Simbiosis Mutualisme Penegakan Hukum

Oleh: Multajimah MA

MEMBURU pejabat yang korup di negara yang sistem hukumnya relatif beroperasi secara lancar, tidak memba­wa hasil yang memuaskan. Pada 1980-an dan 1990-an banyak peja­bat korup di India, Pakistan dan Bangladesh diseret ke peng­adilan dan dijeblos­kan ke penjara. Beberapa bulan kemudian, pejabat yang menggantikan posisi pendahulunya yang meringkuk di penjara menjalankan praktek korupsi yang sama. Itu yang terjadi dalam sistem hukum yang relatif baik.

Mengejar koruptor sebagai kebijakan tunggal dalam suatu sistem hukum yang sudah tidak berfungsi lagi seperti halnya di Indonesia akan mengakibatkan dua jenis pemburukan yang lebih parah lagi. Ia tidak akan membawa hasil apa-apa karena seorang koruptor mempunyai banyak uang untuk me­nyele­weng­kan proses hukum. Ia juga meng­hancurkan sisa-sisa ke­per­cayaan ma­syarakat pada azas negara hukum Undang-Un­dang Dasar Indonesia. Dan dengan itu juga pada persepsi ke­negaraan Indonesia itu sendiri. Masyarakat ramai sudah lama bersaksi bagaimana seorang pejabat yang dituduh korupsi diperiksa, ditahan, diperas oleh pemeriksanya, kemudian di­tuntut, lalu dibebaskan oleh pengadilan. Penangkapan dan pe­na­hanan pejabat, baik mantan maupun yang masih menjabat, oleh aparatur penegak hukum sudah lama menjadi bahan lelu­con umum. Seperti pada pertunjukan pewayang­an, para pe­nonton sudah tahu bagaimana ceri­ta akan berkembang dan ber­akhir.

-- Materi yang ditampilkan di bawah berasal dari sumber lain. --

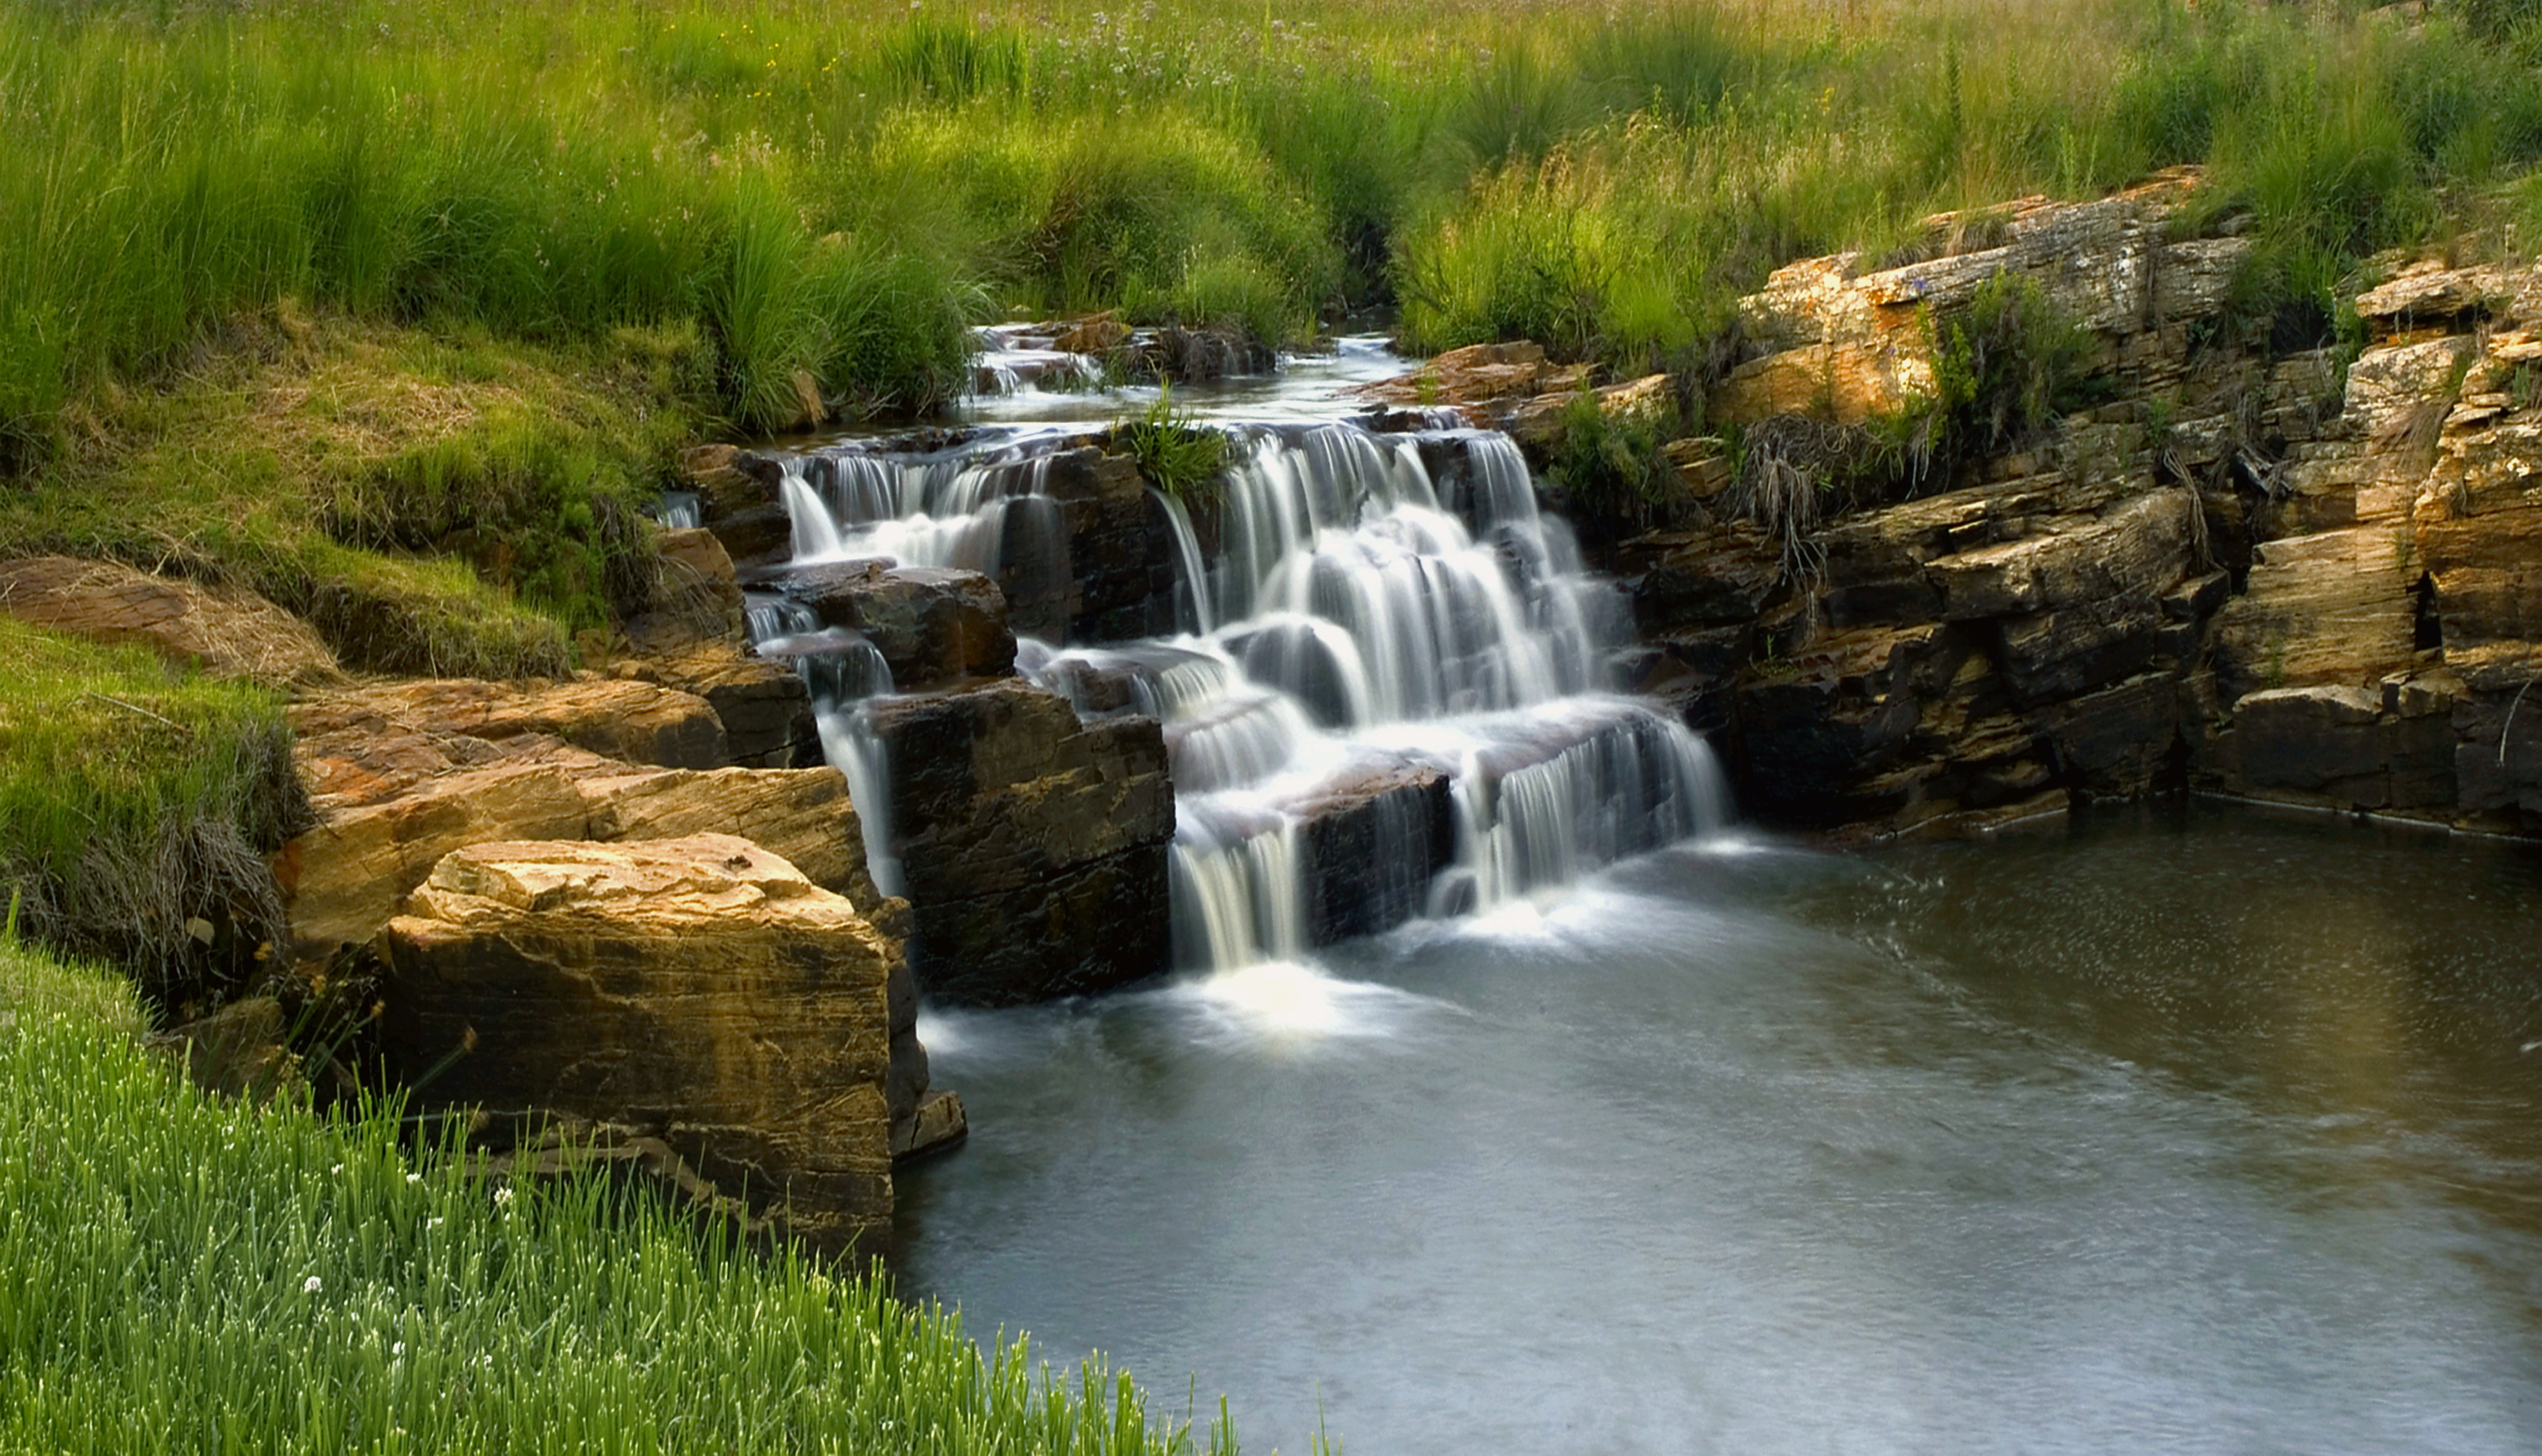 دانلود Background خوشگل آبشار پلکانی کوچک در دل طبیعت سبز

Menggambarkan sebagai negara aspal (asli tapi palsu) atau negara gelap. Sistem hu­kum yang formal di negara aspal se­ma­cam itu canggih dan dikawal retorika publik yang meya­kinkan. Undang-undang ba­nyak dibuat, tapi penegakannya ditekuk bila sasarannya mengena orang yang kuat. Bagi yang lemah penegakan berlangsung dengan penggunaan kekerasan negara. Di negara gelap uang dan kekuatan ditempa oleh kultur kekerasan menjadi suatu simbiosis timbal balik. Kekerasan menjadi perekat sistem yang berlaku; tidak seorang pun dapat mengelak bila mau hidup di negara gelap seperti itu (Lindsey). Mereka yang tumbuh segar-bugar adalah dunia preman, dan dunia jawara. Semua yang bernilai diperdagangkan: informasi, jabatan, hak, hukum dan segala yang agung nilainya. Negara yang di­dengung-dengungkan sebagai negara hukum dalam ke­nyataannya bukan saja suatu negara gelap, melainkan juga negara preman. Bah­wa hukum tidak dapat dipisah dari politik, sedangkan hasil pengadilan tergantung pa­da siapa yang diadili. Hukum formal tidak mungkin dikenakan pada elit pejabat pe­me­rin­tahan. Oleh karena itu, bila mau membasmi korupsi, harus terlebih dulu menyerbu benteng-bentengnya di birokrasi dan pe­ngadilan. Karena negara tidak mungkin me­ngubah diri­nya sendiri. Perubahan itu ha­nya mungkin, bila landasan buda­ya bergeser, maka ia merupakan proses yang panjang, su­lit dan menyakitkan.

Semua orang menderita sedikit demi sedikit. Penderitaan eceran ini tidak menimbulkan emosi yang meluap yang di­perlukan untuk mobilisasi masyarakat secara besar-besaran guna melawan korupsi. Dalam kasus korupsi tingkat jalanan para korban membayar tunai dan menderita dalam bentuk ke­merosotan tingkat hidup. Tidak melihat kemungkinan perla­wanan yang terorganisasi. Respon yang tampak atas pemerasan kecil-kecilan ini hanya kemarahan yang terpendam. Dan semua per­buatan ini ditegakkan oleh oknum polisi, pejabat peme­rintah, para ha­kim, dan jaksa. Tidak mengherankan, itu me­mang ladang garapannya. Dampaknya mengejutkan otoritas dan legitimasi peme­rintah habis, hukum tidak berarti, alhasil dimana-mana berlangsung penyalahgunaan ba­kat dan warga negara.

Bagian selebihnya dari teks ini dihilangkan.